Task objective → Leaving out the pictures, write out exactly each line from the line with "Fotografia surrealismo di Dora Maar 1936" through the close of the listing below.

Data block →

________

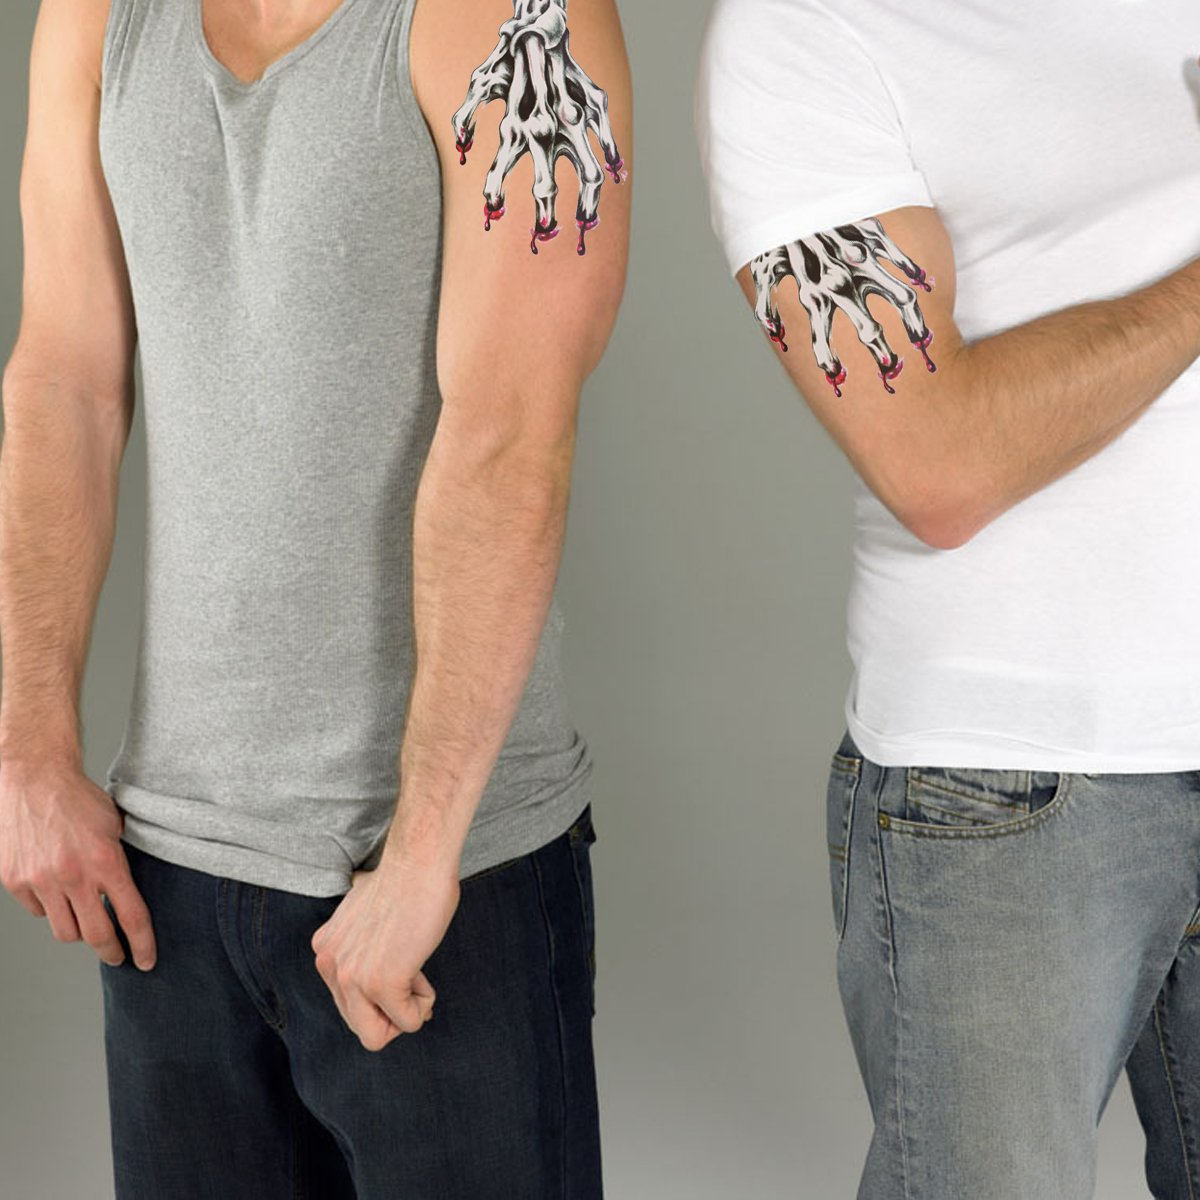 rosenice tatuaje Halloween tatuaje temporal tatuaje temporairement ...
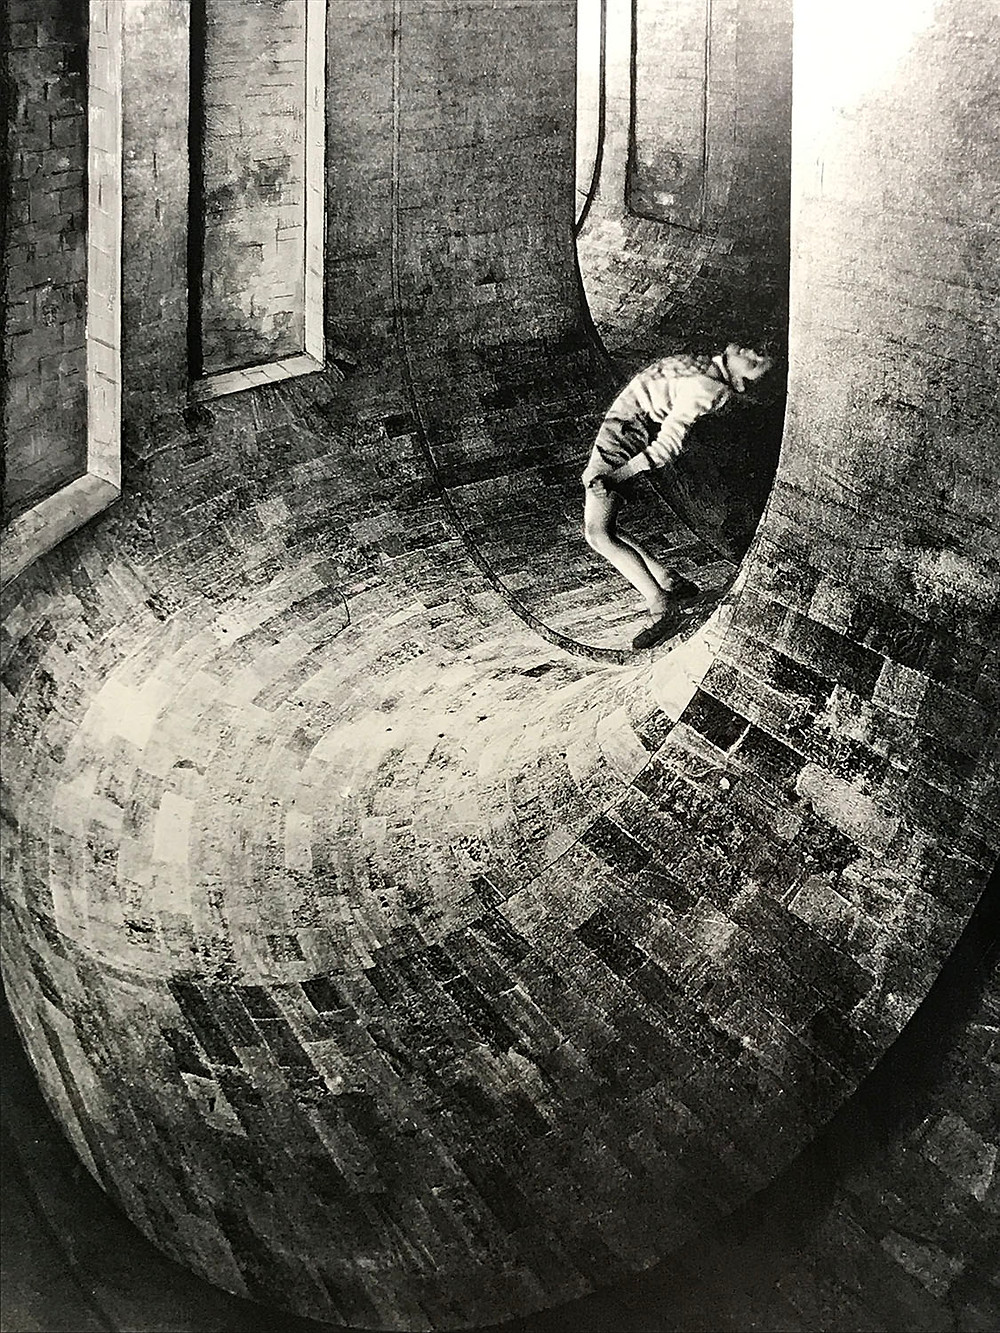 Fotografia surrealismo di Dora Maar 1936
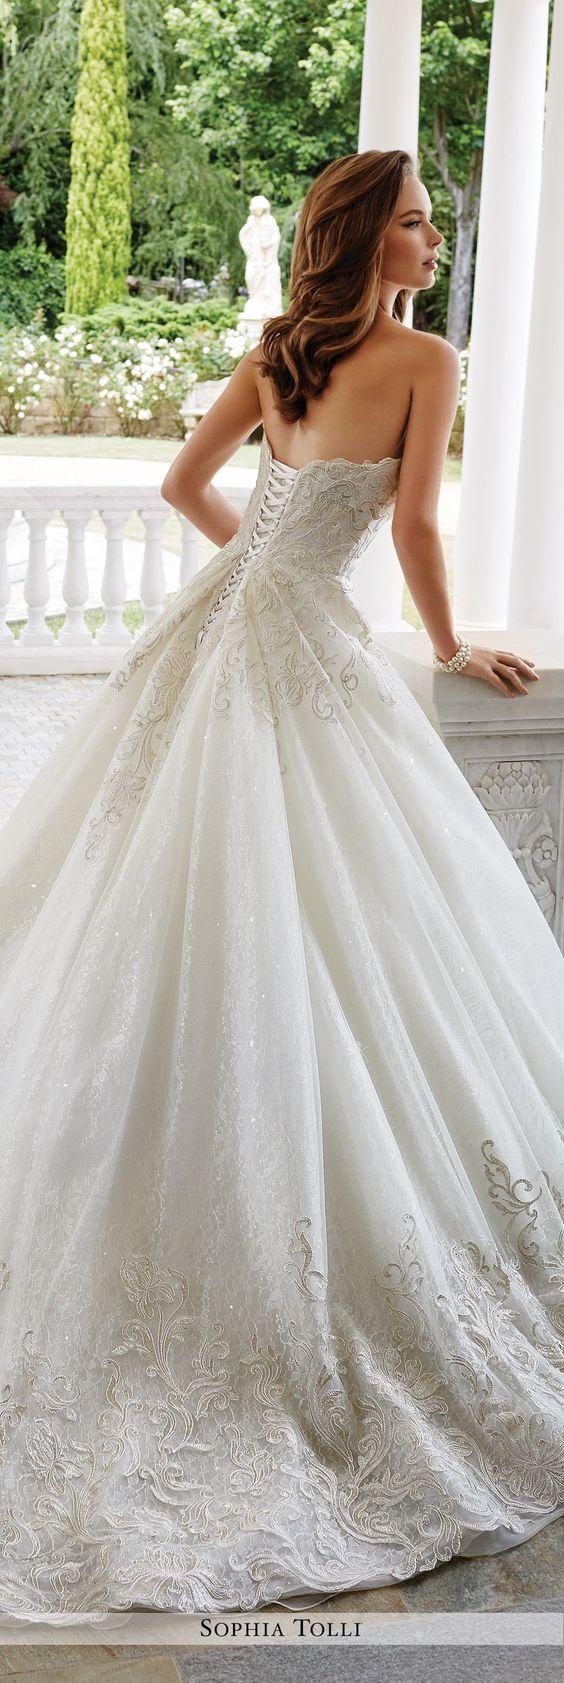 Baljurk bruiloft bruidsjurken and togahuwelijk on pinterest for Sophia tulle wedding dress

________

Answer below →
 Fotografia surrealismo di Dora Maar 1936
 Baljurk bruiloft bruidsjurken and togahuwelijk on pinterest for Sophia tulle wedding dress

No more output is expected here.